Dependent and Independent Variables
The dependent variables in this study were the standardized scores obtained for individual FSIQ, VCI, PRI, WMI, and PSI scales using both the American and Canadian norms, as well as difference scores between FSIQ scores calculated using American and Canadian normative systems. As FSIQ scores have been observed in clinical settings to be higher when calculated using American than Canadian norms, difference scores were calculated by subtracting the value of the scaled score calculated using Canadian norms from the value of the respective scaled score calculated using American norms (FSIQU.S. – FSIQCDN = Difference Score). The independent variables in this study included the age groups defined by the WAIS-IV manual (Wechsler 2008a, 2008b) as well as the ability groups defined based on FSIQ scaled scores using Canadian and American norms (Wechsler 2008a, 2008b).
Data Analysis
Differences between Canadian and American standard scores on FSIQ, VCI, PRI, WMI, and PSI were examined using a multivariate analysis of variance (MANOVA) with each scale treated as a dependent measure and norm group as a between-groups factor. Evaluation of statistical significance incorporated a Bonferroni correction of the α-level (Tabachnik & Fidell, 2007).

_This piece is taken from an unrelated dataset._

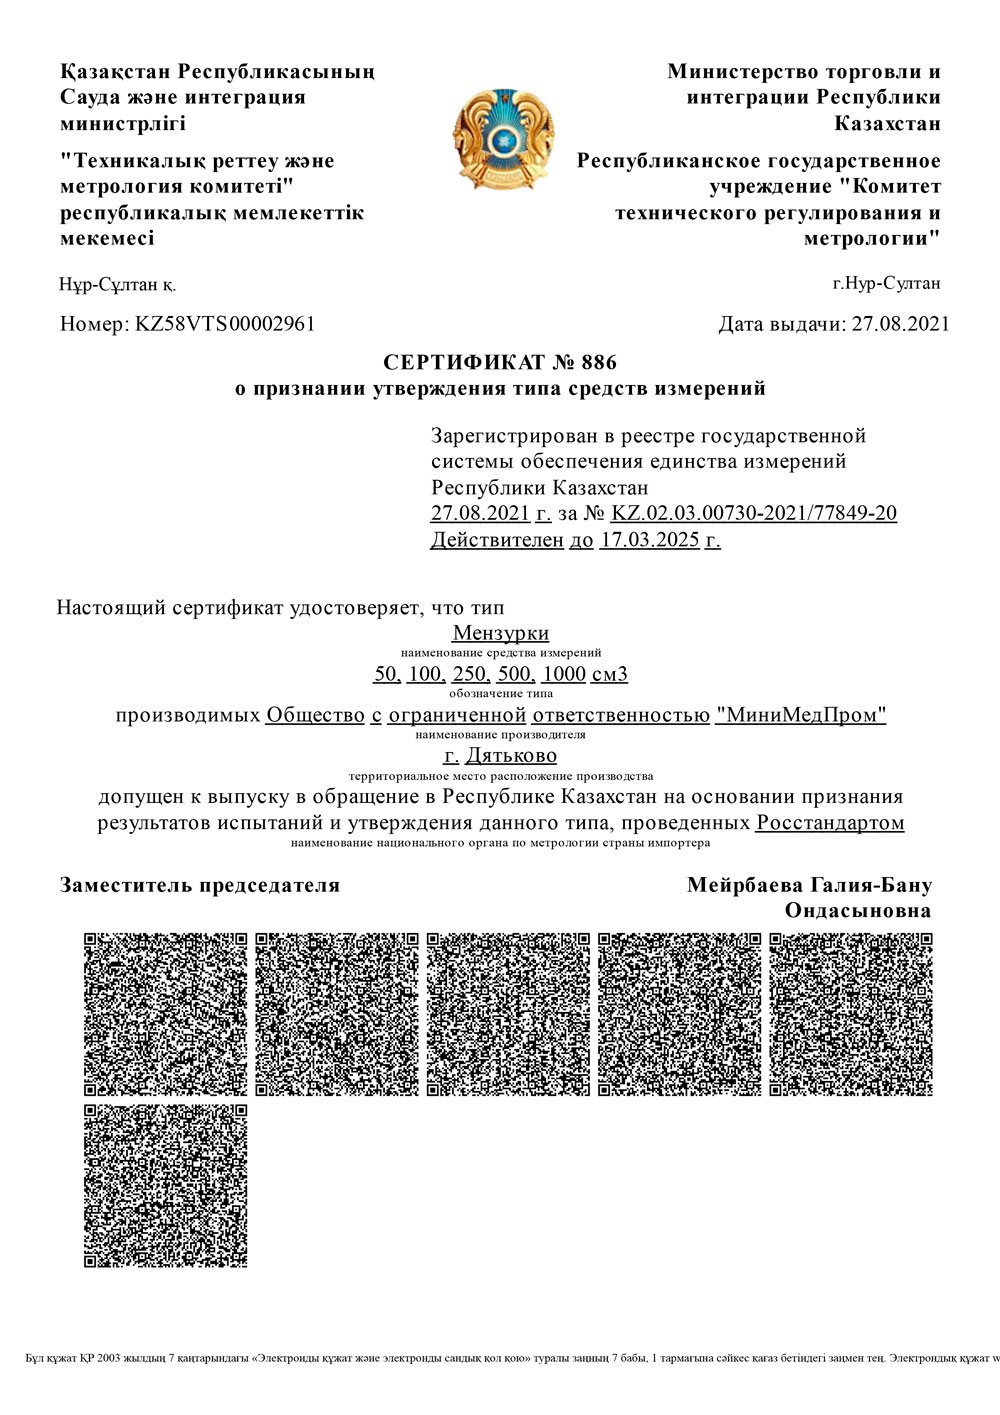 Мензурки-ММП.-Казахский-Сертификат-о-признании-утверждения-ТСИ.

Three mixed model analyses of variance (ANOVAs) were used to further assess the pattern of differences across Canadian and American normed standardized scores, with difference scores as within-groups factors, and age categories and ability level classifications for both Canadian and American norms as between-groups factors. As the participants in this study fell mainly in the Low Average to Borderline range, few participants were classified as High Average and above, and only three or five participants scored in the Superior to Very Superior ranges when FSIQ scores were calculated using Canadian or American norms, respectively. Simple t-tests revealed that participants classified as High Average using American norms did not differ from participants classified as Superior to Very Superior on IQ difference [t(19) = −1.57, p = .133] or age [t(19) = 0.609, p = .550], and that participants classified as High Average using Canadian norms did not differ from participants classified as Superior to Very Superior on IQ difference [t(9) = −0.723, p = .488] or age [t(9) = −0.138, p = .893]. Therefore, for the purpose of this study, participants with High Average to Superior classifications were treated as a single ability group, which we called High Average + (FSIQ ≥ 110).
Results
Standard Score Comparisons
Descriptive statistics, mean comparisons, and effect sizes for each of the standard scores obtained using the Canadian and American normative systems, including FSIQ, VCI, PRI, WMI, and PSI, are presented in Table 1. To evaluate differences in standard scores obtained using the Canadian and American normative systems, we conducted a MANOVA with standard scores as dependent variables and normative grouping as a between-group factor. There was a significant difference between Canadian and American normative classification [Λ = 0.893, F(5, 670) = 15.97, p < .001, η2 = 0.107]. Subsequent ANOVAs indicated that there were significant differences between means for FSIQ [F(1, 676) = 47.60, p < .001, η2 = 0.066], VCI [F(1, 676) = 27.51, p < .001, η2 = 0.039], PRI [F(1, 676) = 23.67, p < .001, η2 = 0.034], WMI [F(1, 676) = 43.00, p < .001, η2 = 0.060], and PSI [F(1, 676) = 13.92, p < .001, η2 = 0.020]. There was a consistent pattern in which scaled scores that were calculated using American norms were consistently higher than those calculated using Canadian norms; effect size (η2) shows the amount of variance accounted for by each index, while controlling for other variables in the analysis (Cohen, 1988). Effect sizes were small to medium with the largest effect found for FSIQ and WMI. Across the sample, the difference between FSIQ score calculated using American versus Canadian norms ranged from −1 to 13 points. The average difference was 7.51 (SD = 2.50) with both a mode and median score of 8.
Table 1.
Descriptive statistics
Scale | American norms |
Canadian norms |
F | p-value | η2 | ||
---|---|---|---|---|---|---|---|
M | SD | M | SD | ||||
FSIQ | 88.20 | 13.43 | 80.70 | 14.83 | 47.60 | <.001 | 0.066 |
VCI | 90.13 | 14.73 | 83.83 | 16.47 | 27.51 | <.001 | 0.039 |
PRI | 92.27 | 14.33 | 86.58 | 16.02 | 23.67 | <.001 | 0.034 |
WMI | 86.53 | 13.00 | 79.75 | 13.86 | 43.00 | <.001 | 0.060 |
PSI | 91.31 | 14.11 | 87.07 | 15.36 | 13.92 | <.001 | 0.020 |
Note: FSIQ = Full Scale IQ; VCI = Verbal Comprehension Index; PRI = Perceptual Reasoning Index; WMI = Working Memory Index; PSI = Processing Speed Index. η2 = partial eta squared.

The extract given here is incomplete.